As mentioned by W. Howard Neal in his work – “Oil and gas technology development subgroup of the technology task group of the NC committee of global oil and gas” (2007): “Since the beginning of the modern age of oil and gas, technology has played a fundamental role in supporting the efficient production of hydrocarbons”. Technology developments have great impact on an E&P company’s operations. Technology has reduced the risk of exploration and cut the time required to drill a well. In the past, oil and gas companies spent little on R&D, they bough technologies from service and startup companies. Recently, new petroleum projects have become “more costly, less economical, and technically more challenging” (W. Howard Neal, 2007). Oil and gas companies in upstream sectors should consider applying new technology rather than keeping existing one. Understanding that the key to increasing recoverable reserves has been technology, companies are motivated to invest in Research and Development. Oil and gas companies can suffer from of economic risks when adopting new technology such as higher cost but less certain result. However, new technology could result in “faster, more effective resource recovery and a net economic gain for the company” (W. Howard Neal, 2007).
E&P companies conduct exploration, development and production operations under Licences. However, any fail to fulfil the terms or delays on obtaining or renewing the Licences will result in penalty or delay on investment (Genel Energy Plc Annual Report, 2011).

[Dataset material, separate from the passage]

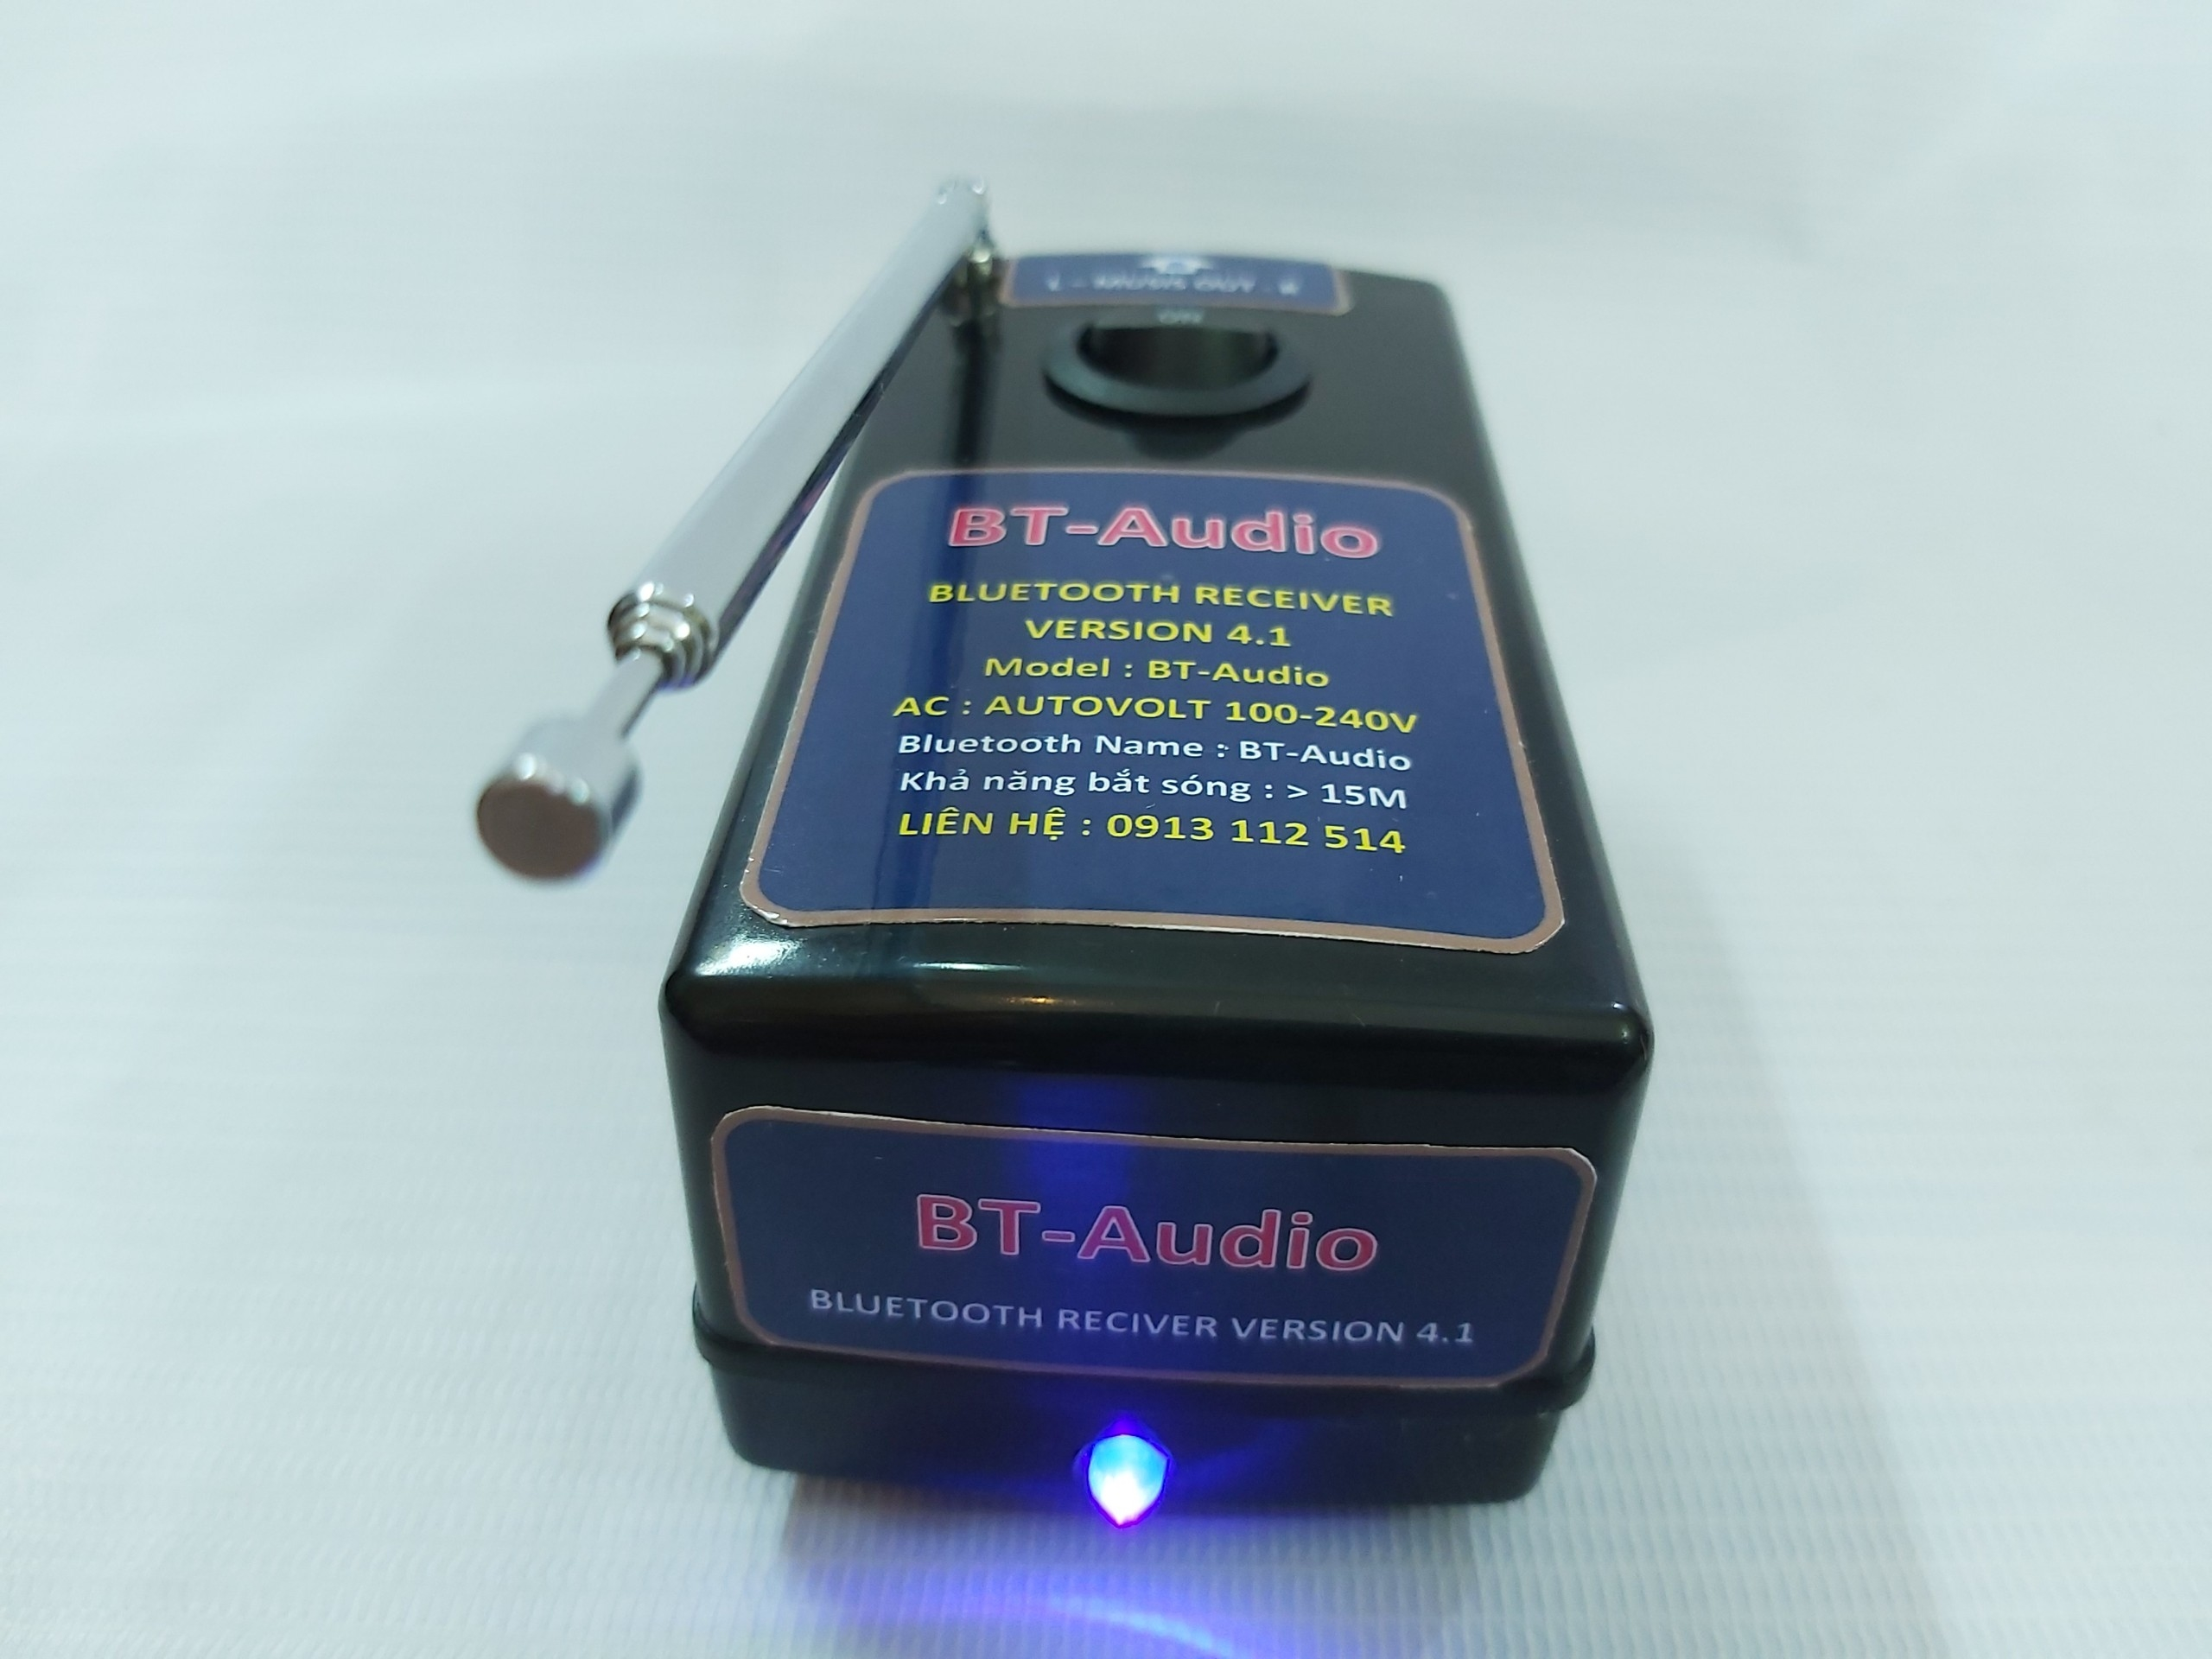 Thiết Bị Nhận BLUETOOTH 4.1 BT AUDIO - Nguồn Auto Volt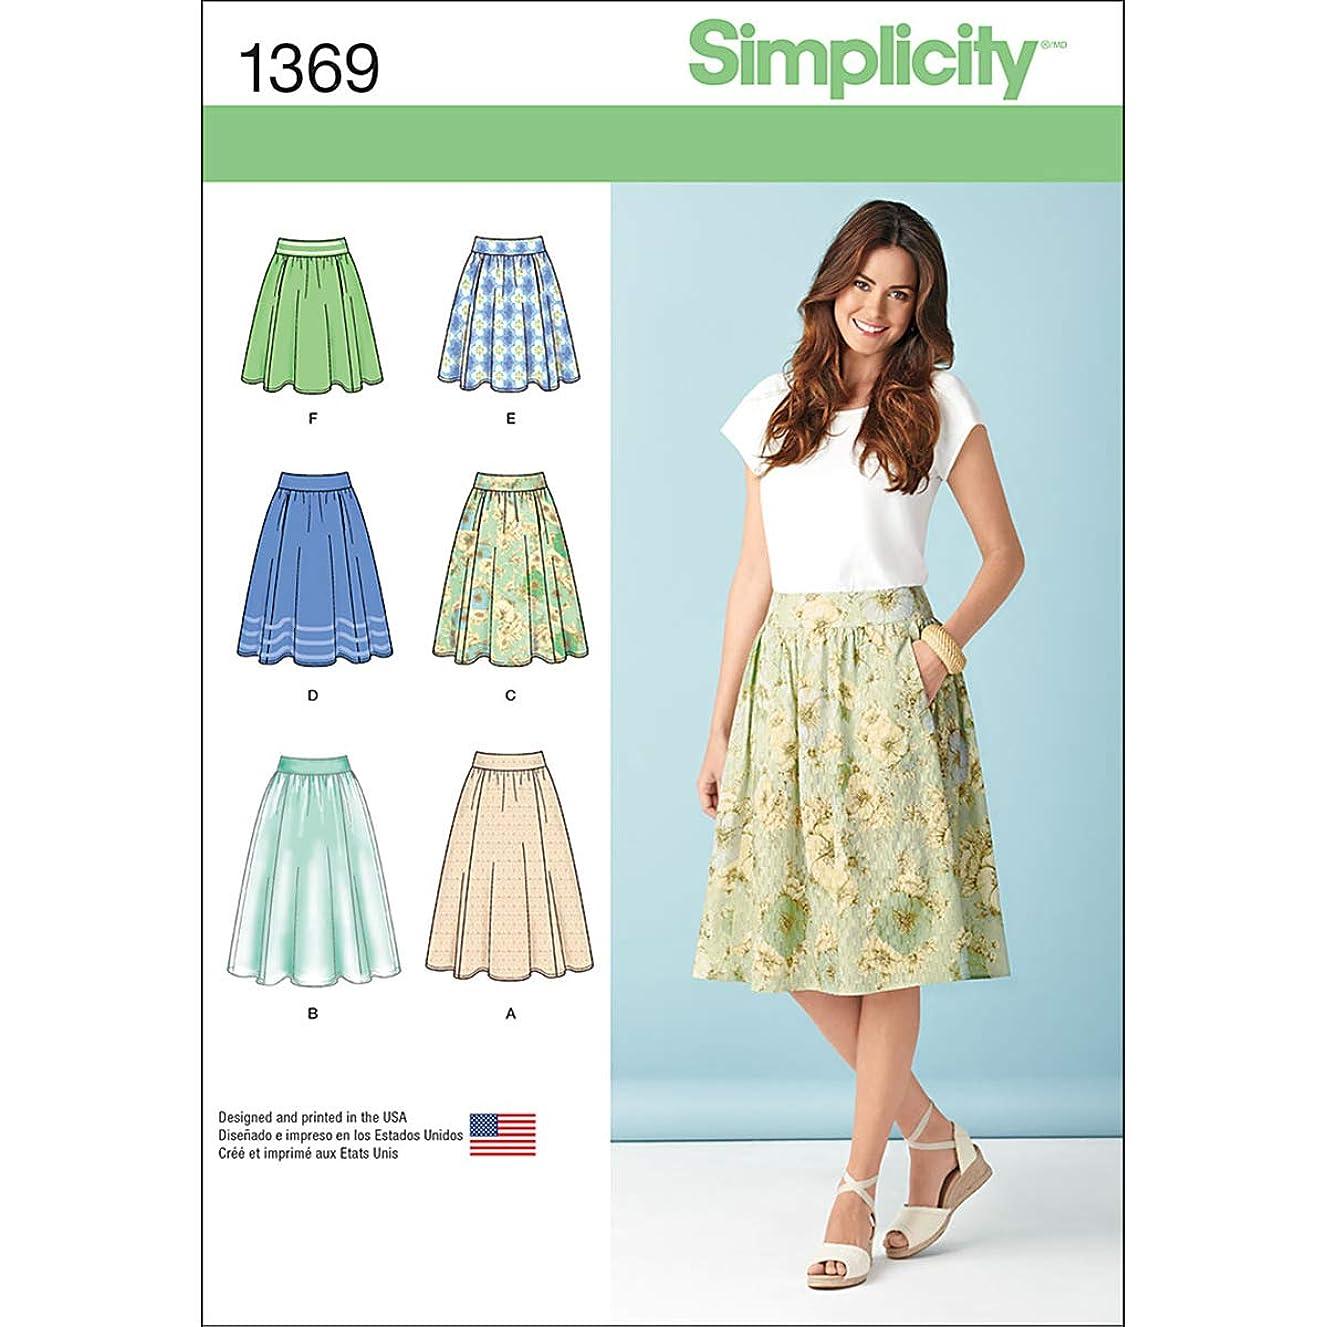 Simplicity 1369 Women's Skirt Sewing Pattern, Sizes 14-22

An oil and gas company in upstream sector needs to aware of Health, Safety and Environment risks regarding blowouts, equipment failures, explosion…as the company has to follow international environmental guideline about safety requirements, environmental requirements and social impacts. Before entering into new markets, the company needs to aware of all applicable legislation and international codes of practice in this country.
Porter’s five forces model
In the past, competition was narrowed in only direct competitors. However, Michael E.Porter stated in this work “The five competitive forces that shape strategy” (2008) that “Competition for profits goes beyond established industry rivals to include four other competitive forces as well: customers, suppliers, potential entrants, and substitute products.” The strongest competitive forces will determine the industry profitability and become the most important factor when formulating the strategy (Porter, 2008).
While PESTEL analysis is the general method to investigate the impact of business environment on an E&P company, Porter’s five forces model is an important tool to analyze the industry in which the corporation operates from corporation perspective (Porter, 2008).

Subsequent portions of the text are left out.